→ What the task asks:
Whenever an image turns up, omit it and return the remaining data exactly.

→ Dataset content:
[Start of section]
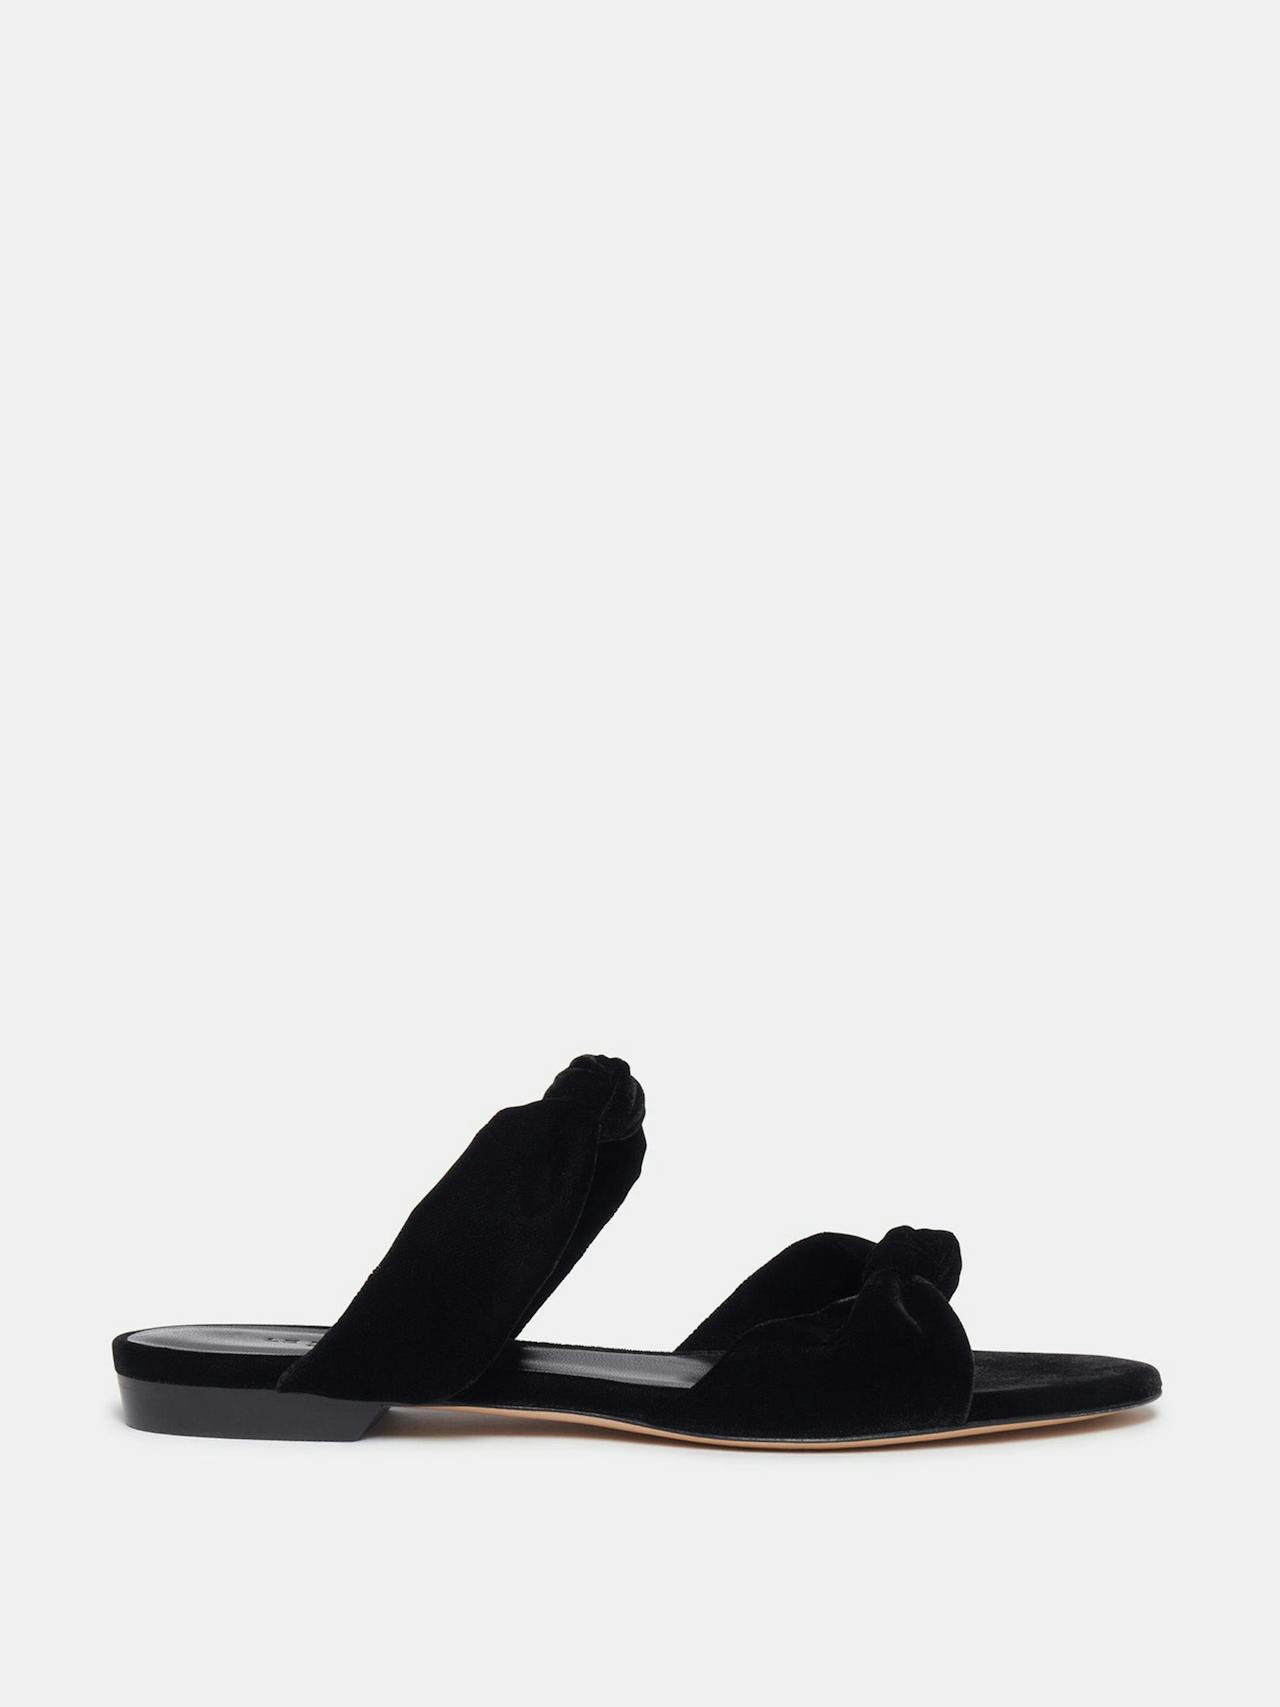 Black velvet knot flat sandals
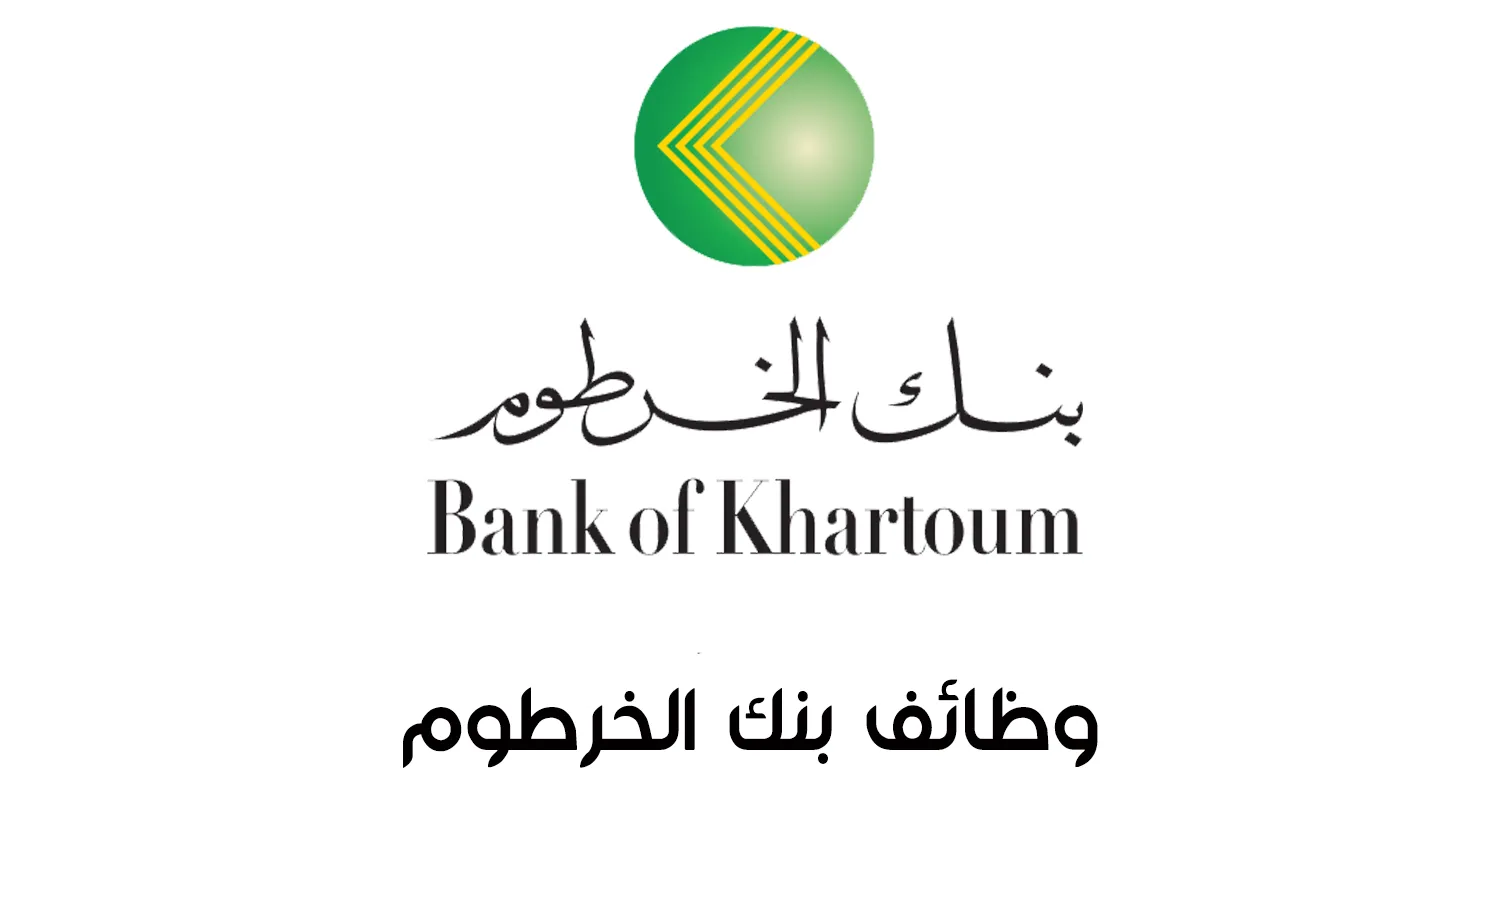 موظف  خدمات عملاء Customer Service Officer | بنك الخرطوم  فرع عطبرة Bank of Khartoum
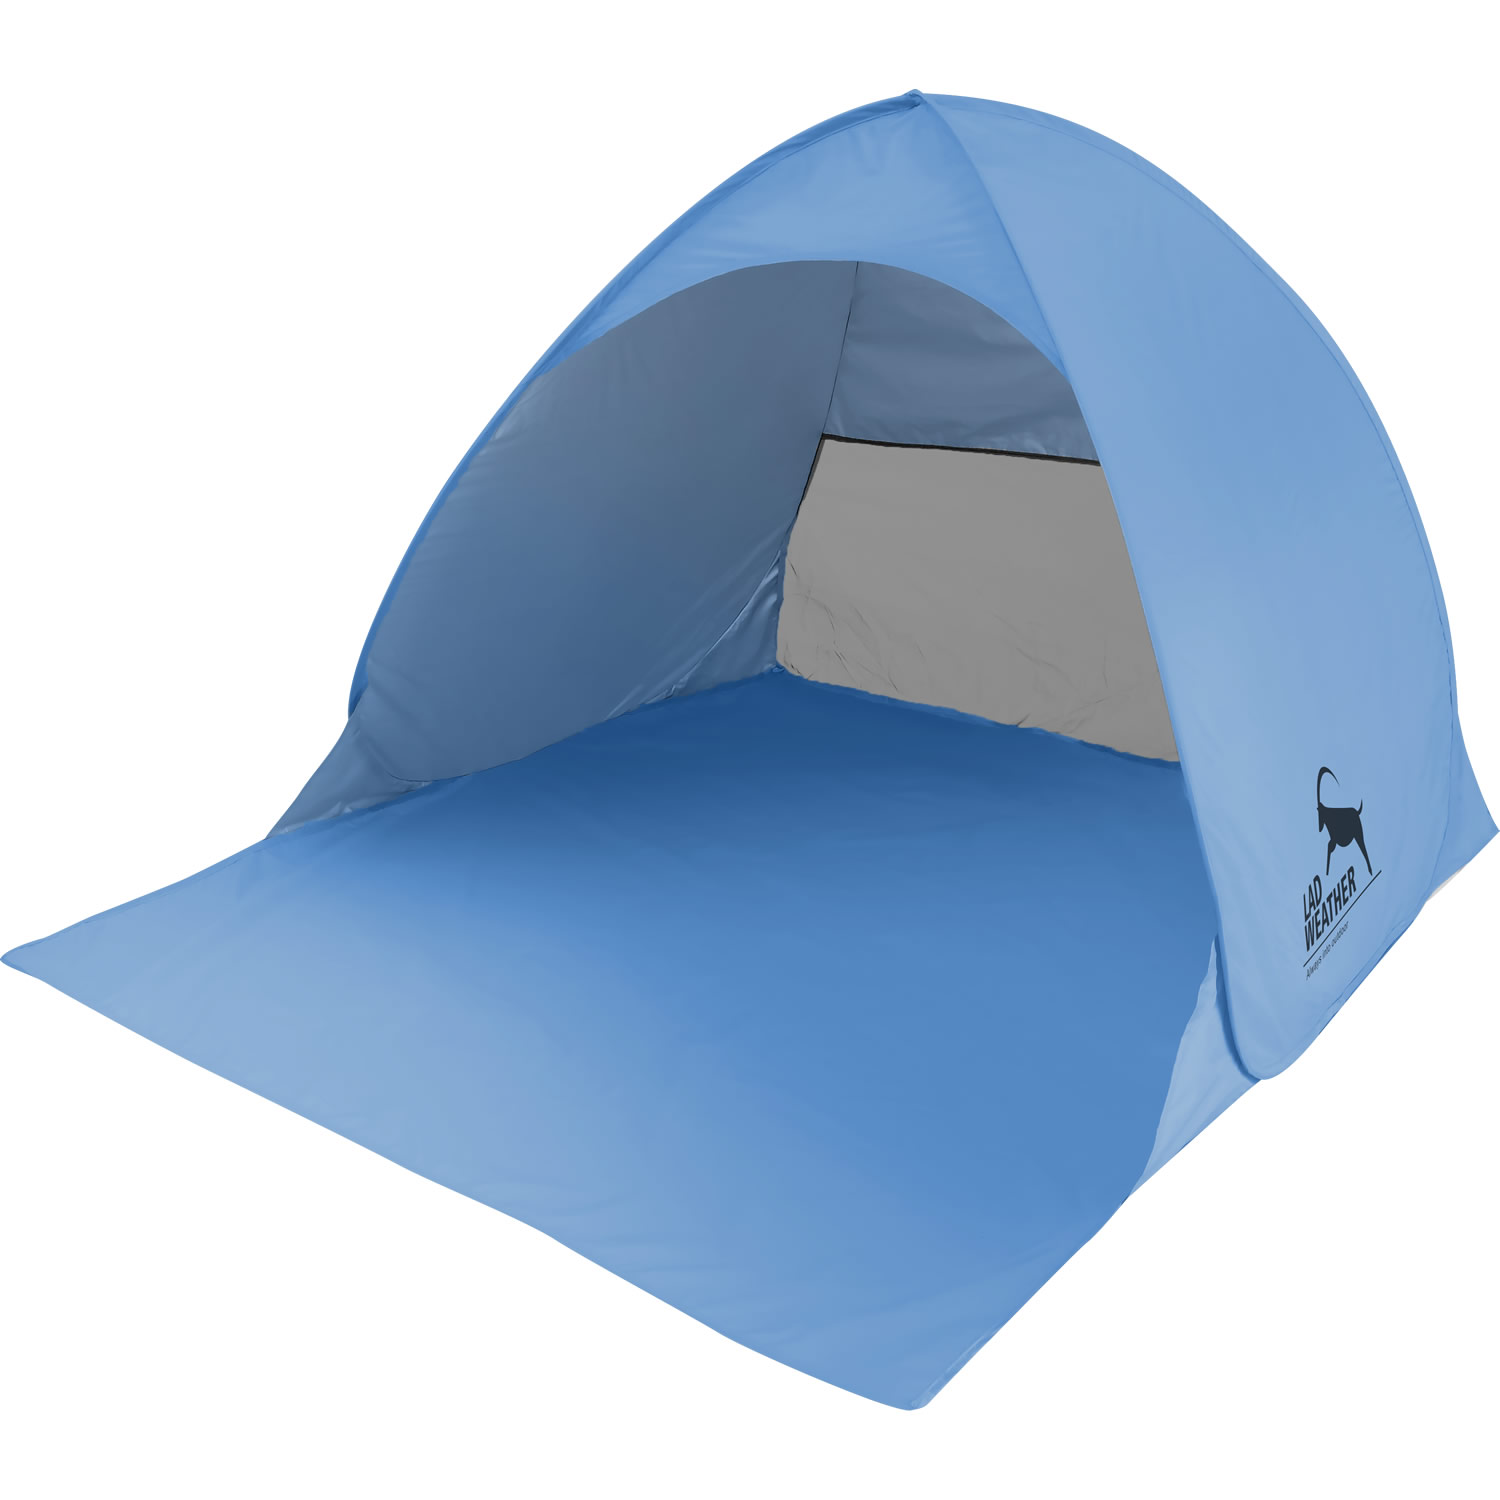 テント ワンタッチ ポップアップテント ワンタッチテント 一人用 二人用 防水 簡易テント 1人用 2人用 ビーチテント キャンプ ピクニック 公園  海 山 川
[End of section]
→ Solution:
 Black velvet knot flat sandals
 موظف  خدمات عملاء Customer Service Officer | بنك الخرطوم  فرع عطبرة Bank of Khartoum
 テント ワンタッチ ポップアップテント ワンタッチテント 一人用 二人用 防水 簡易テント 1人用 2人用 ビーチテント キャンプ ピクニック 公園  海 山 川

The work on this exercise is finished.